И все-таки молодой Скатчерд сумел найти в Кембридже друзей, что неудивительно: с помощью богатства можно приобрести все, что угодно, в том числе и товарищей. Правда, те, с кем он жил и общался в колледже, считались худшими студентами. Это были настоящие лоботрясы, которых интересовали разве что скачки на ипподроме – они даже одевались как жокеи. В таком окружении молодой Скатчерд процветал настолько, насколько позволяли обстоятельства. Надо заметить, что отец, в Итоне во всем поддерживавший сына, теперь попытался его контролировать, но это оказалось не так-то легко. Ограничение в средствах приводило лишь к тому, что Луи кутил в долг. Многие с готовностью предоставляли кредит сыну миллионера. В результате после полутора лет испытания университетским образованием сэр Роджер Скатчерд был вынужден забрать сына из Кембриджа.

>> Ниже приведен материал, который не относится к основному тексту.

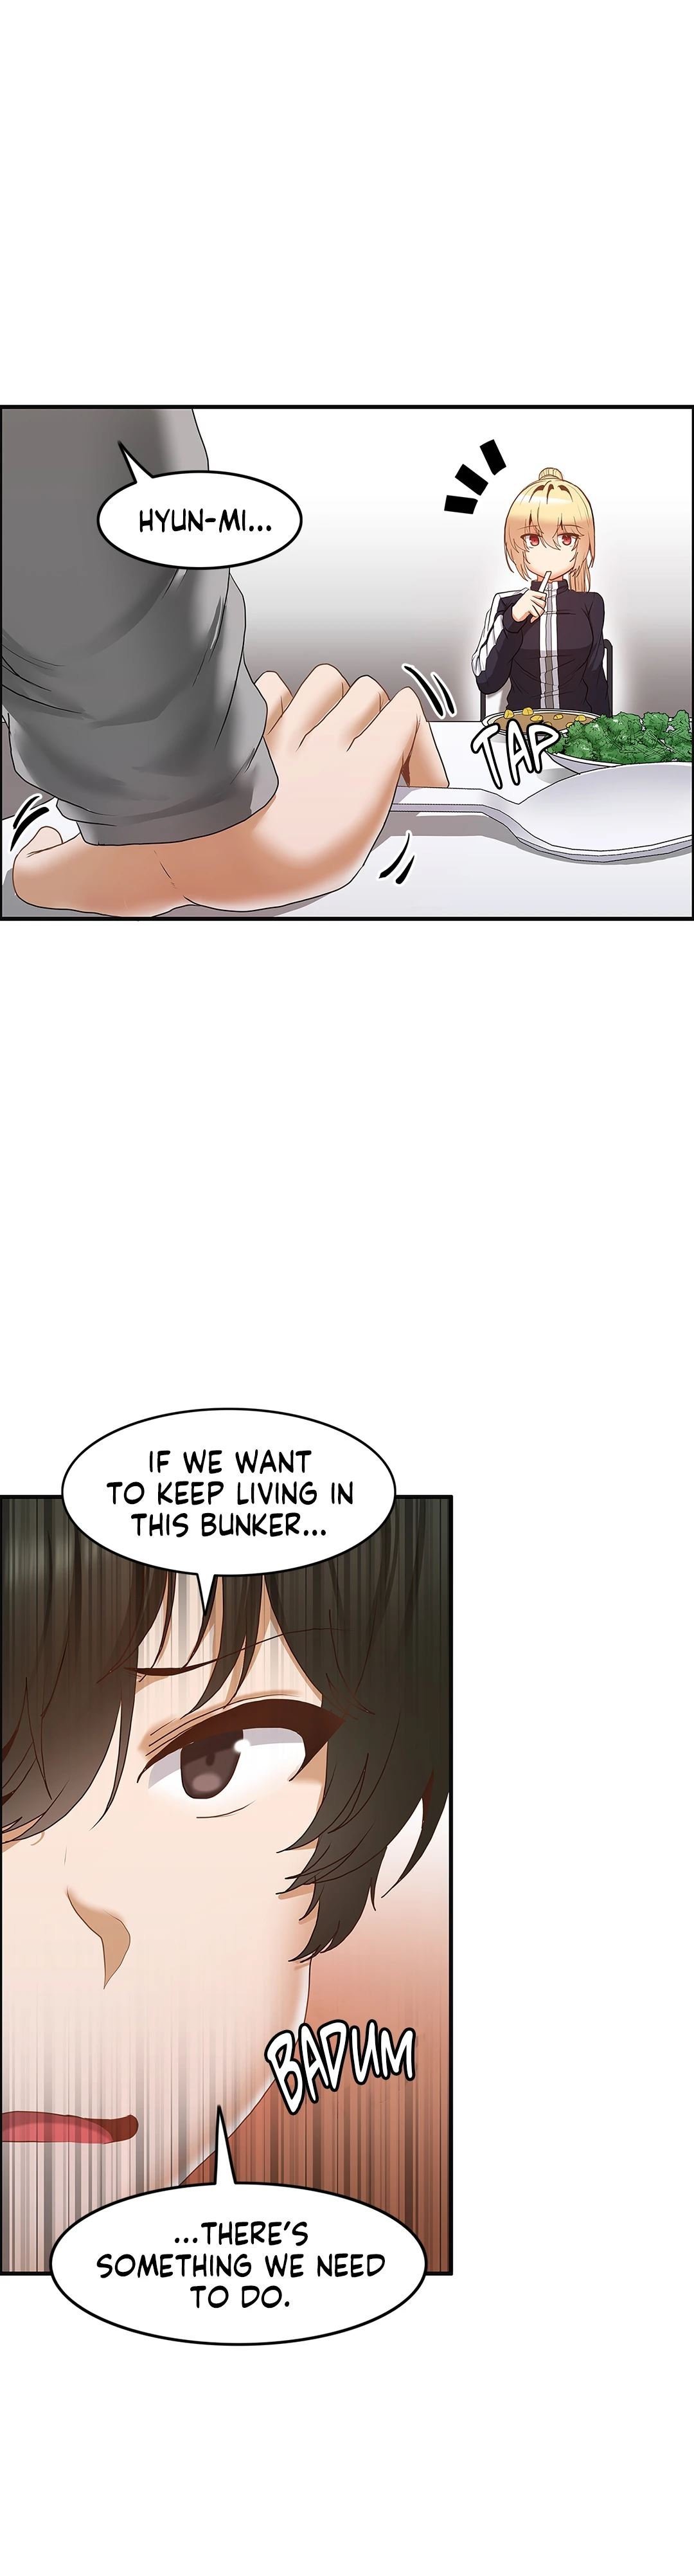 the-two-eves-the-girl-trapped-in-the-wall-chap-3-15

Что же оставалось? К сожалению, любые попытки дать возможность молодому человеку самому зарабатывать на хлеб были сочтены излишними и отвергнуты. А ведь на свете нет ничего труднее, чем правильно воспитать юношу, не обладающего устойчивым положением среди себе подобных, у которых нет необходимости работать. Молодые герцоги и начинающие графы находят место в жизни с такой же легкостью, как потомственные священники и адвокаты. Для их профессионального определения существуют необходимые условия, и хотя порой некоторые аристократические отпрыски выбиваются из почетного строя, у них все равно есть возможность вернуться на круги своя. То же самое можно сказать о молодых людях типа Фрэнка Грешема. В обществе вполне хватает подобных ему сыновей благородных, но обедневших семейств, чтобы задуматься и позаботиться об их благоденствии и процветании. А вот таких, как Луи Скатчерд, среди нас не так много, а вступают в реальную жизненную битву с правильной установкой и под надежным руководством и вовсе единицы.

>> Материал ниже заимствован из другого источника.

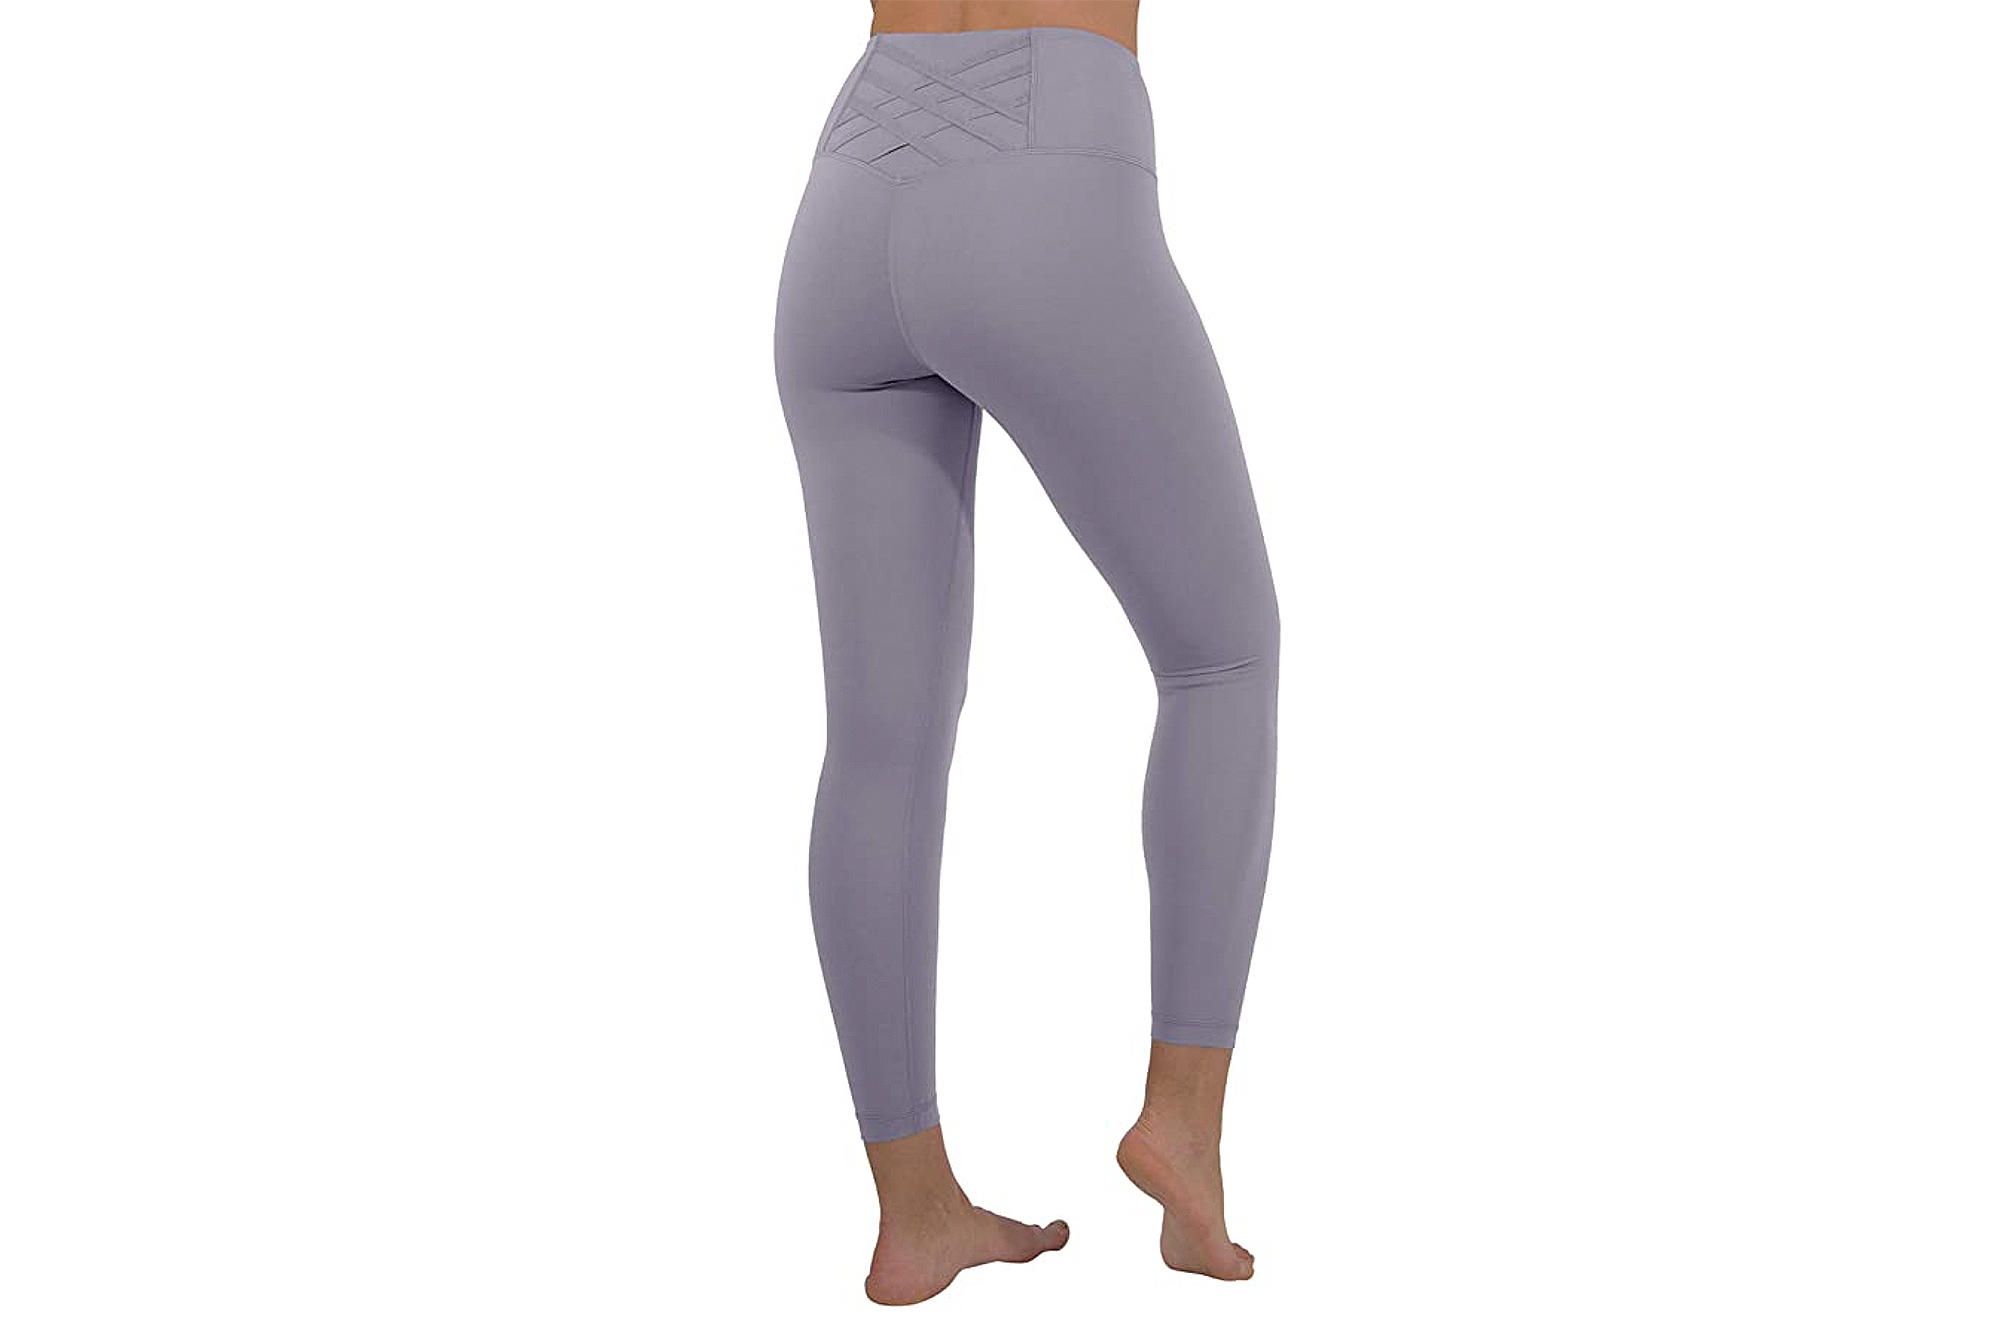 Are Yogalicious Leggings Squat Proofpoint

Обремененный многочисленными железными дорогами, сэр Роджер не располагал достаточным временем, чтобы глубоко вникать в проблемы сына, но интуитивно многое чувствовал. Глядя в бледное лицо юноши, оплачивая бесконечные винные счета и слушая полные страсти разговоры о скачках, отец догадывался, что не все идет гладко, понимал, что наследнику титула баронета и состояния в триста тысяч фунтов следовало вести себя более ответственно. Но что же он мог сделать? Следить за мальчиком самостоятельно сэр Роджер был не в состоянии, а потому нанял ему наставника и отправил за границу.
Вместе с воспитателем Луи доехал до Берлина: нет необходимости описывать степень взаимного удовлетворения путешественников. Достаточно сказать, что из Берлина сэр Роджер получил письмо от наставника: обнаружив, что не имеет влияния на подопечного, тот категорически отказался исполнять взятые на себя обязательства, а спокойно наблюдать за безнравственным образом жизни мистера Скатчерда совесть не позволила. Луи Филипп покидать Берлин не желал, а потому сэру Роджеру пришлось бросить огромный правительственный заказ на южном побережье и отправиться в Германию, чтобы попытаться привести отпрыска в чувство.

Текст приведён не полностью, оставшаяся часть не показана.